Моя игра в художника продлилась всего двадцать четыре месяца, но пришлась на самые безденежные годы. При этом я всегда знала, что не буду мастером и что это не настоящее мое призвание, не моя страсть, не моя дорога, но какой-то подступ к призванию, страсти, дороге.
Мне нравилось одинокое время, которое я проводила у холста, я была благодарна, что такое время возможно. Как будто я выключалась из хода причин и следствий и соединялась с теми, кто сто, двести, триста лет назад точно так же смотрел на белый лист, изо всех сил собирая внимание и впечатления, чтобы выплеснуть их и воплотить.
С наступлением весны у Андрея дела поправились, он пропадал целыми днями, между встречами посылая короткие сообщения: «жив». В городе то и дело взрывали. Но Андрей опережал мои встревоженные эсэмэски. Наверное, это было безрассудно, но весной и летом я много гуляла. В конце концов, взорвать могли и наш дом. Какой резон сидеть взаперти?

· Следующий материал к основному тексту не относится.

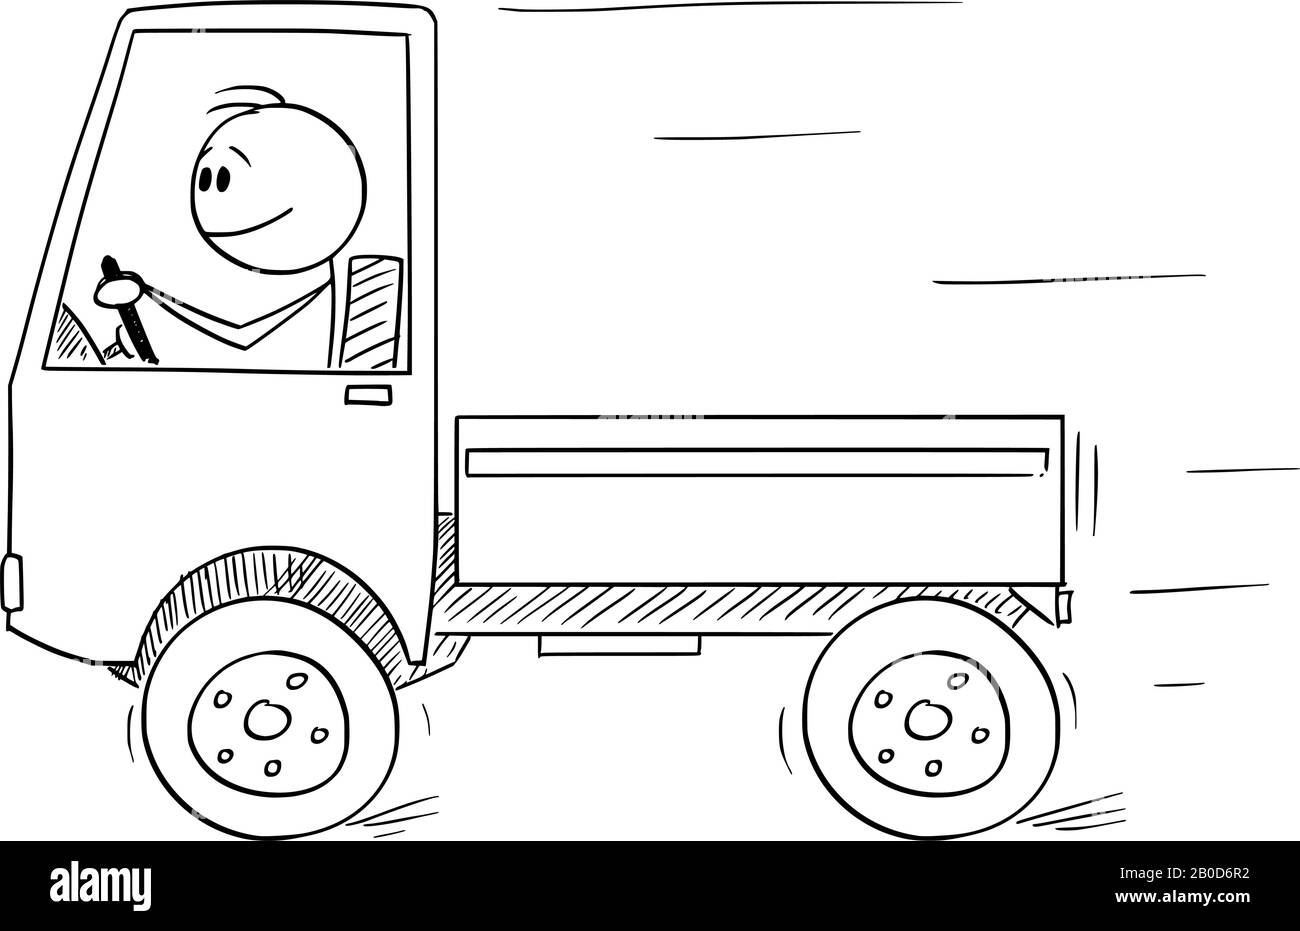 Figura del fumetto vettoriale che disegna l'illustrazione concettuale di uomo sorridente o conducente che guida un piccolo camion scaricato. Concetto di business nel settore dei trasporti o della logistica. Illustrazione Vettoriale
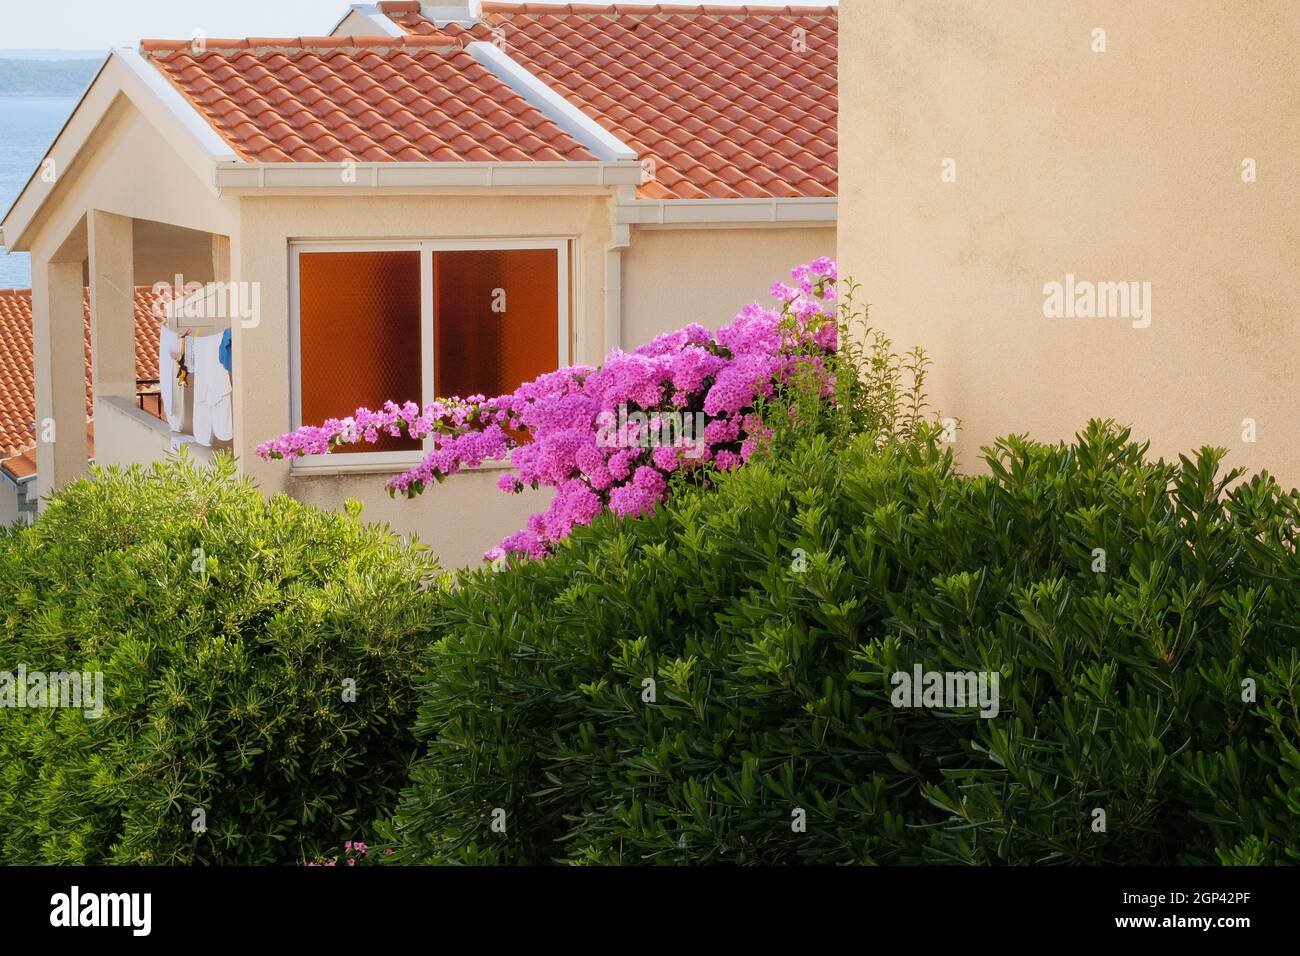 Le buisson de Bougainvillea se développe à côté de bâtiments résidentiels sur la côte de Croatie. Paysages d'été en voyage, fleurs violettes. Banque D'Images

Мне нравился Парк Горького: проститутки, подростки, сумасшедшие, уверявшие, что были похищены инопланетянами. И тут же йогические и танцевальные сборища, фокусники и уличные музыканты, блошиный рынок с тысячью мелочей.
Парк оставался, несмотря на теракты, почти курортной набережной. Глядя на скейтеров и девушек загорающих топ-лес, я стала думать, что, возможно, вечность действительно существует и всегда повторяется. В вечных ситуациях, неловкостях и близости, улыбках и слезах, вечном воздухе и тревоге – о теракте или невыключенном утюге.
В детстве я смотрела фильм, название которого забыла, он был про любовь и будущее, в котором появился неизлечимый вирус. Главные герои там ресторатор и худая девушка-биолог.
Он рассказал ей, что бросил больную подругу и всякий раз, когда кто-то оказывается близко, ему хочется сделать больно.
Она рассказывала в ответ, что у людей постепенно отключатся чувства: обоняние, осязание, слух и, наконец, зрение. И что неминуемо эта болезнь доберется до всех. И что она не может иметь детей, потому что переболела анорексией, что она ест жадно и неаккуратно, и все, наверное, будет нормально, если он останется сегодня с ней.
Почему я запомнила этот фильм? Может, потому, что было время, когда я ела по одному яблоку в день, весила 39 кг. И не потому, что не было еды, а потому, что мне было противно чувствовать себя сытой. Или потому, что я, как и героиня-биолог, думаю, что ничего не случится, все будет нормально, если Андрей вернется сегодня не поздно. Или из-за детей, которых у меня тоже не будет.
Программу зарубили, как и следовало ожидать.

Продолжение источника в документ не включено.